> HOW TO COMPLETE THIS TASK
An exact copy of all the lines below is required, with every image left out.

> INFORMATION SHOWN
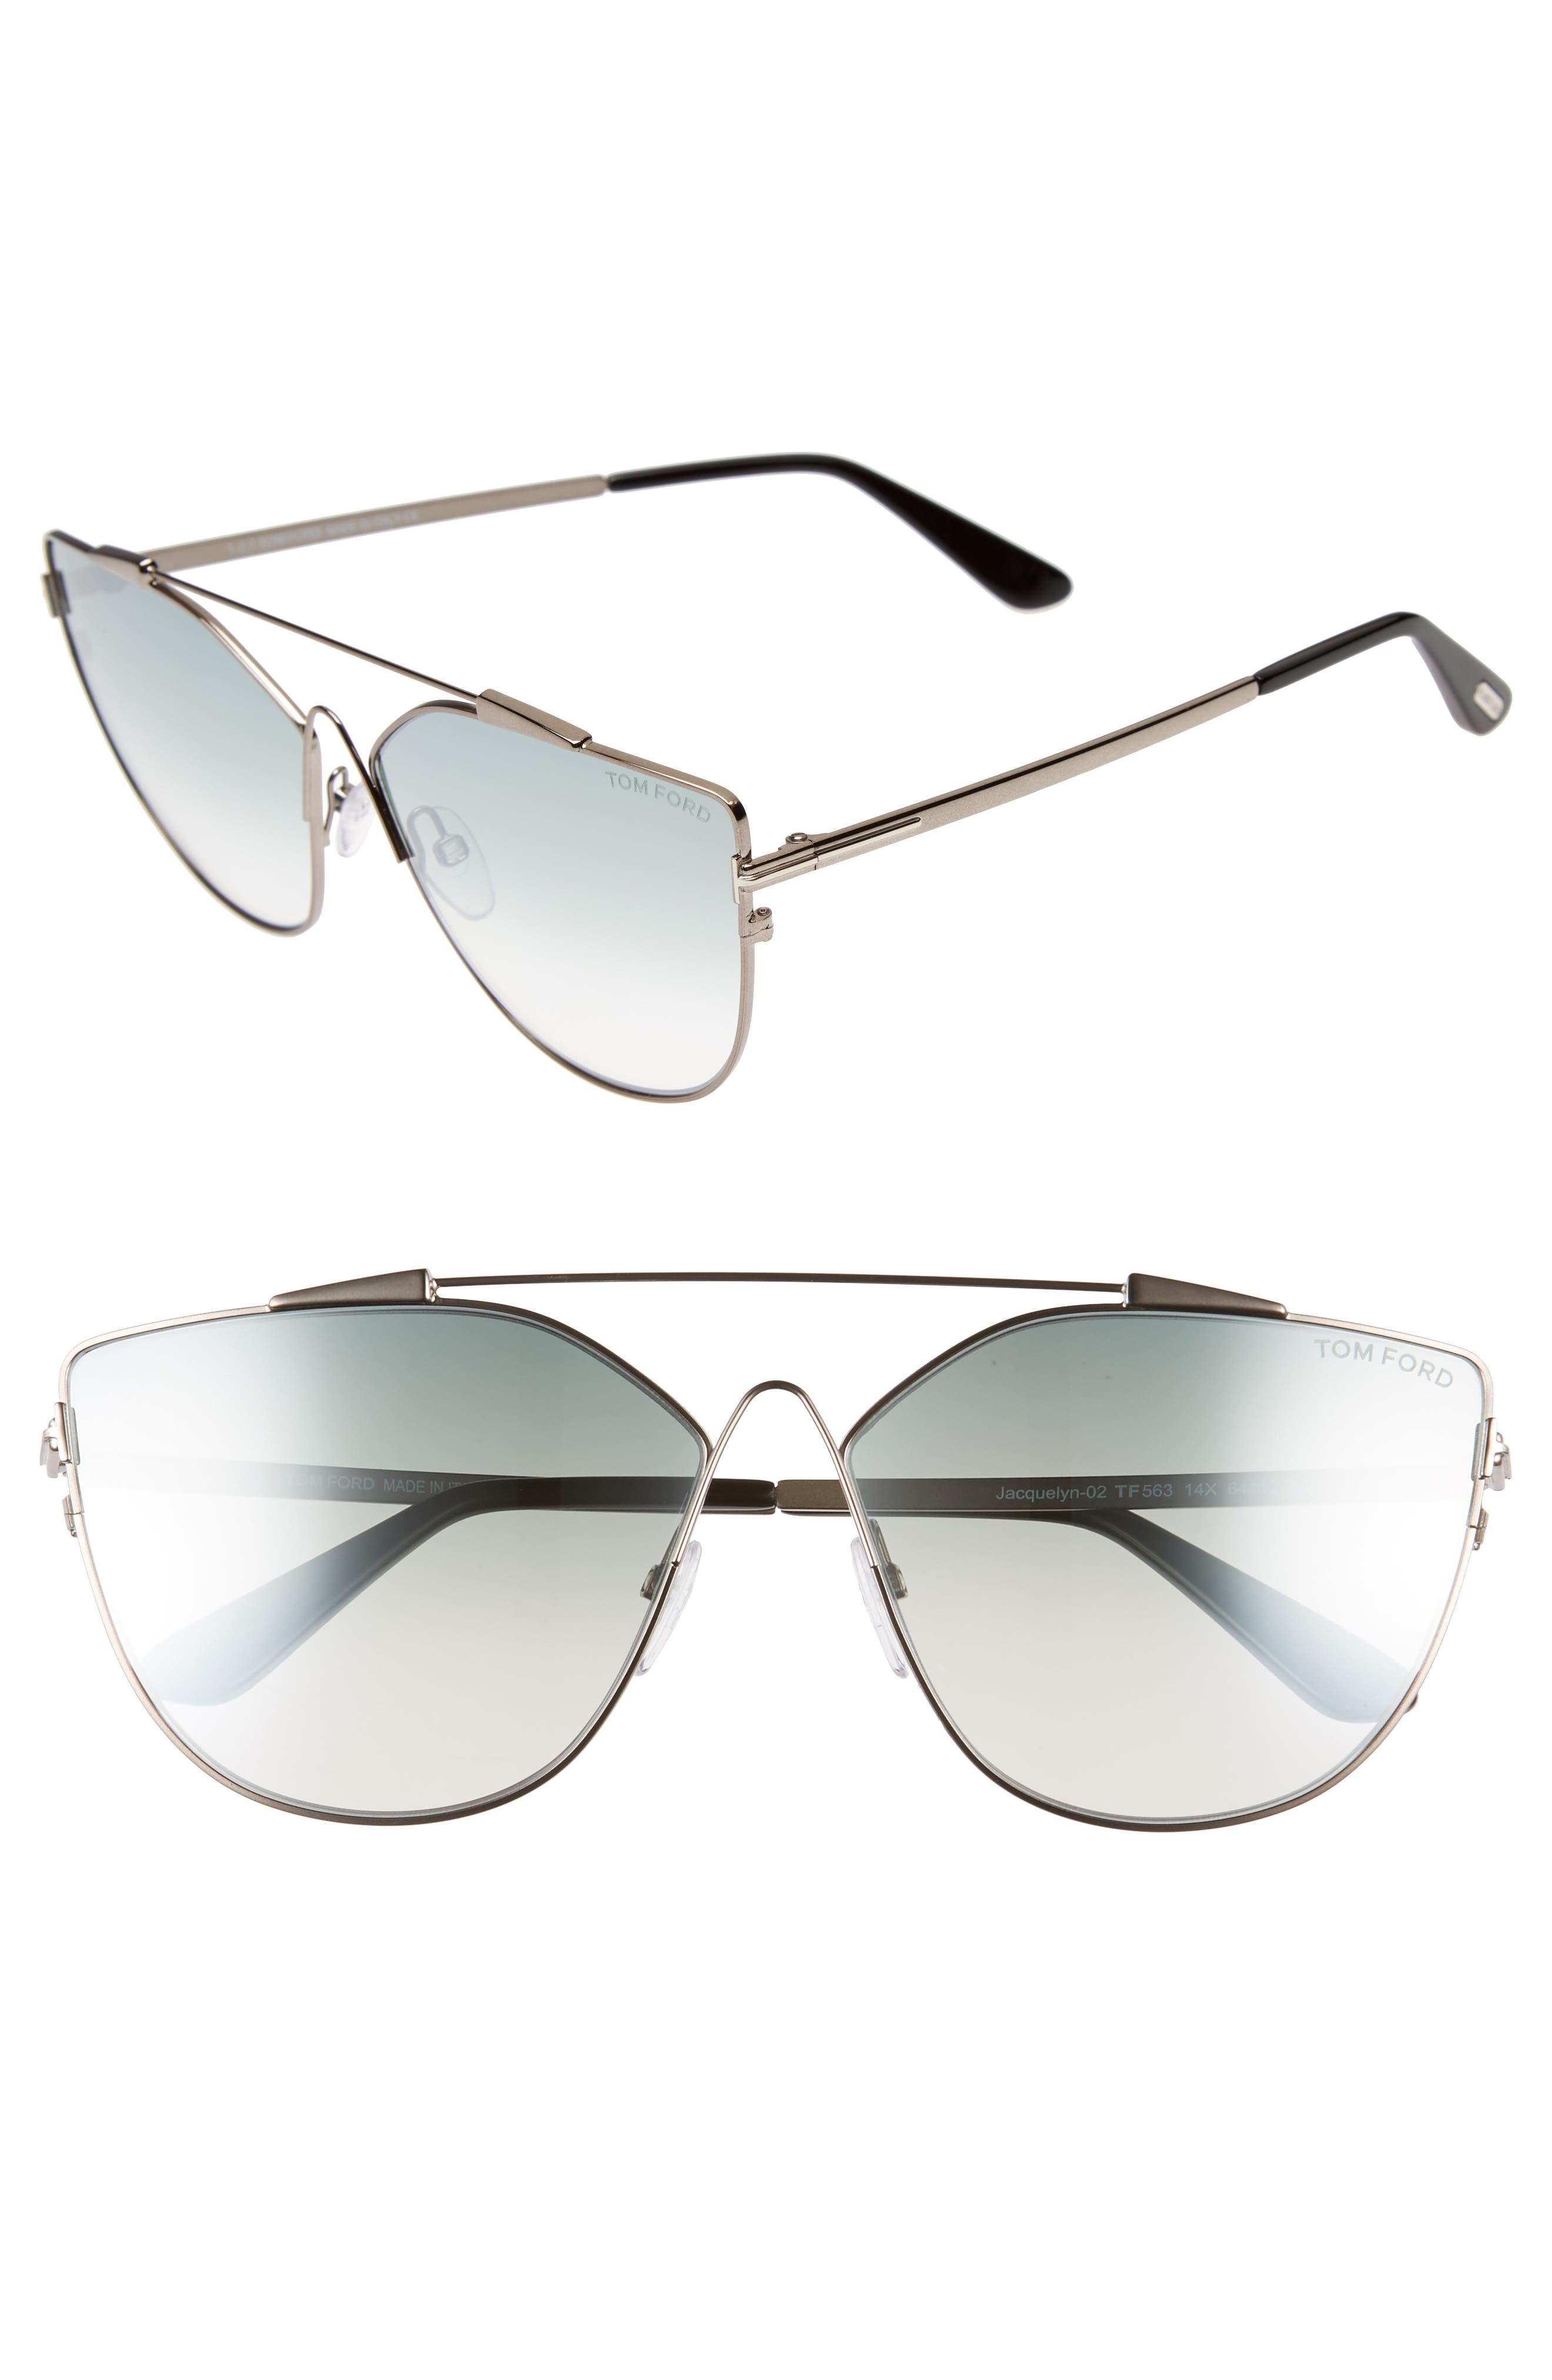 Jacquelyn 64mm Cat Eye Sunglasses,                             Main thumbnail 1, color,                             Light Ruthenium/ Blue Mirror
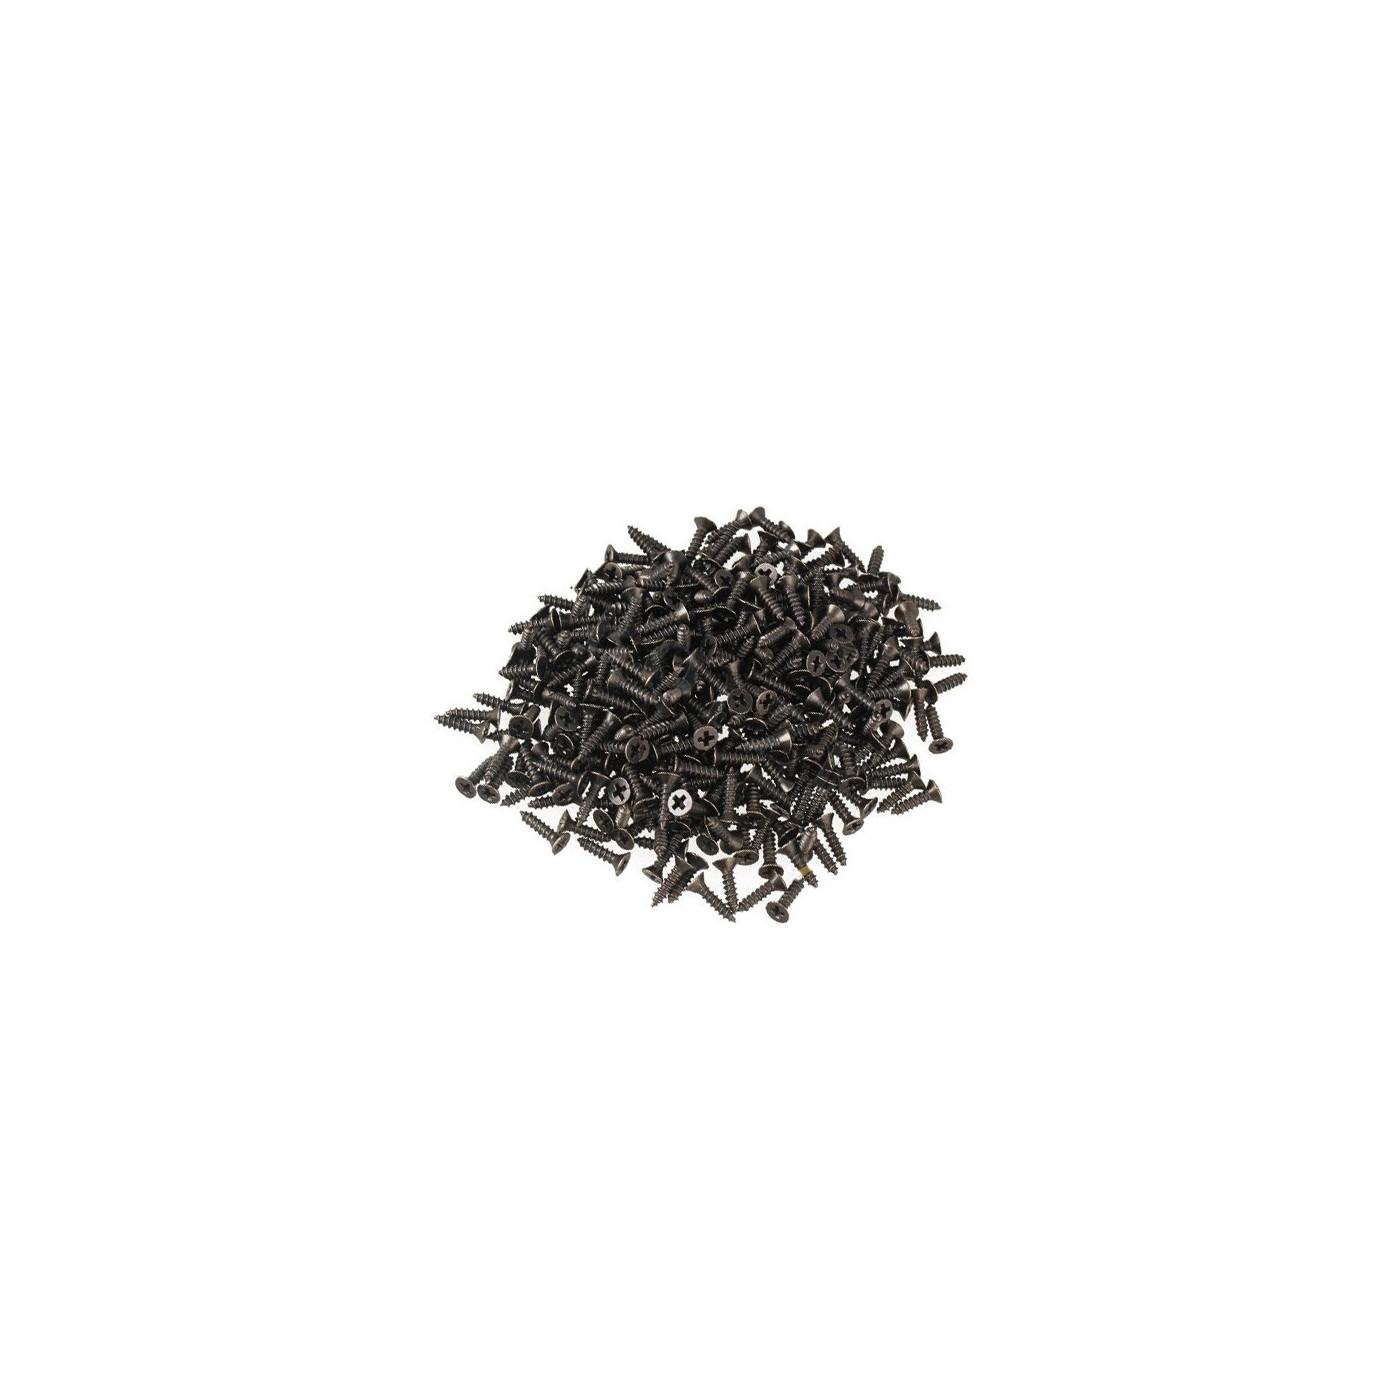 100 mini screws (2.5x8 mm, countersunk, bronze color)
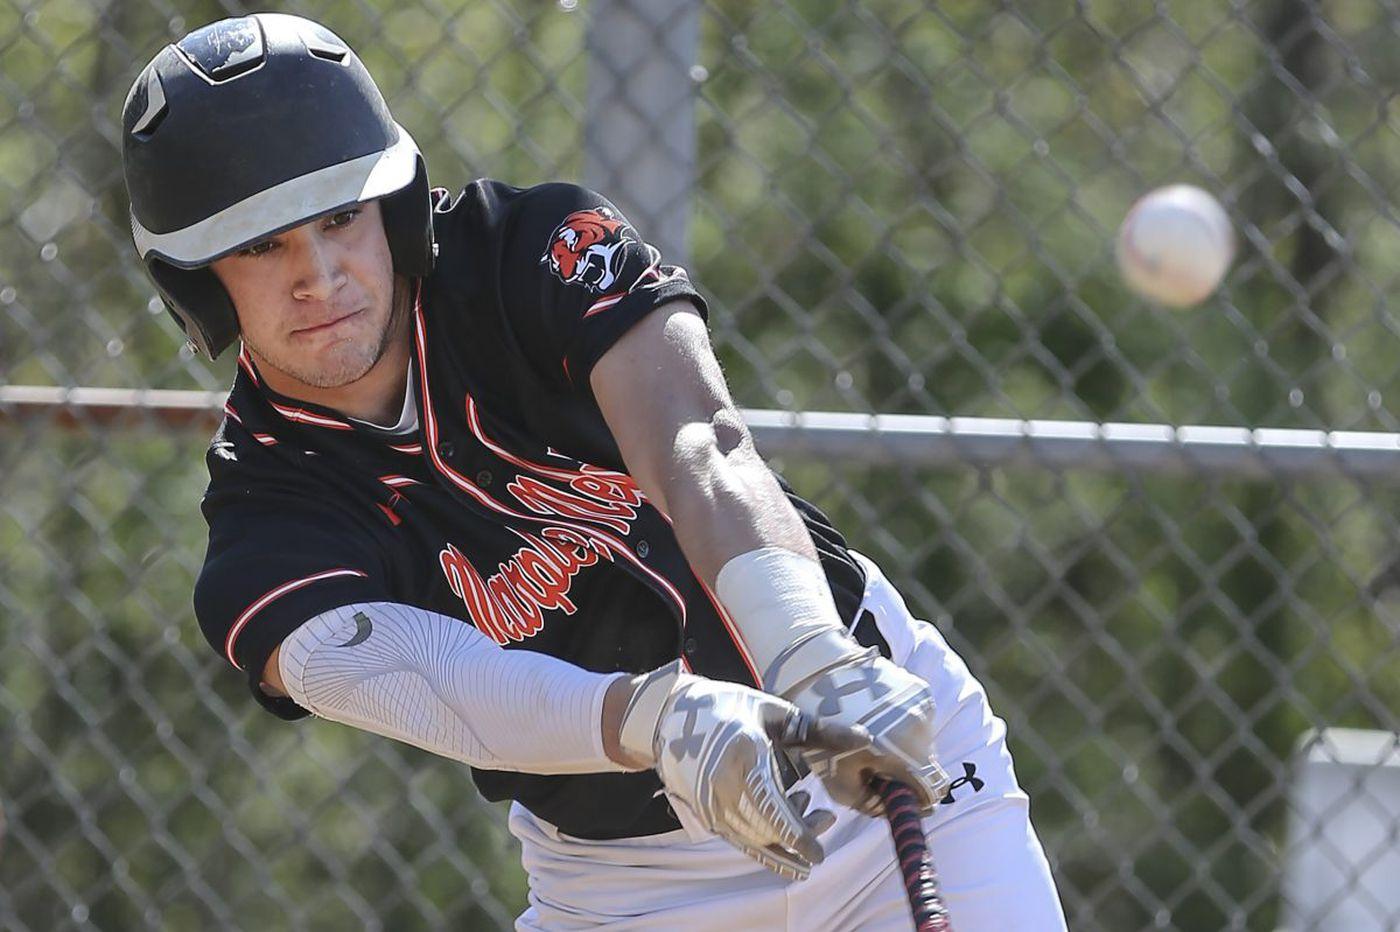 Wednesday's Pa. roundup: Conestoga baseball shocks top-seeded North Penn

> THE ANSWER
 Jacquelyn 64mm Cat Eye Sunglasses,                             Main thumbnail 1, color,                             Light Ruthenium/ Blue Mirror
 100 mini screws (2.5x8 mm, countersunk, bronze color)
 Wednesday's Pa. roundup: Conestoga baseball shocks top-seeded North Penn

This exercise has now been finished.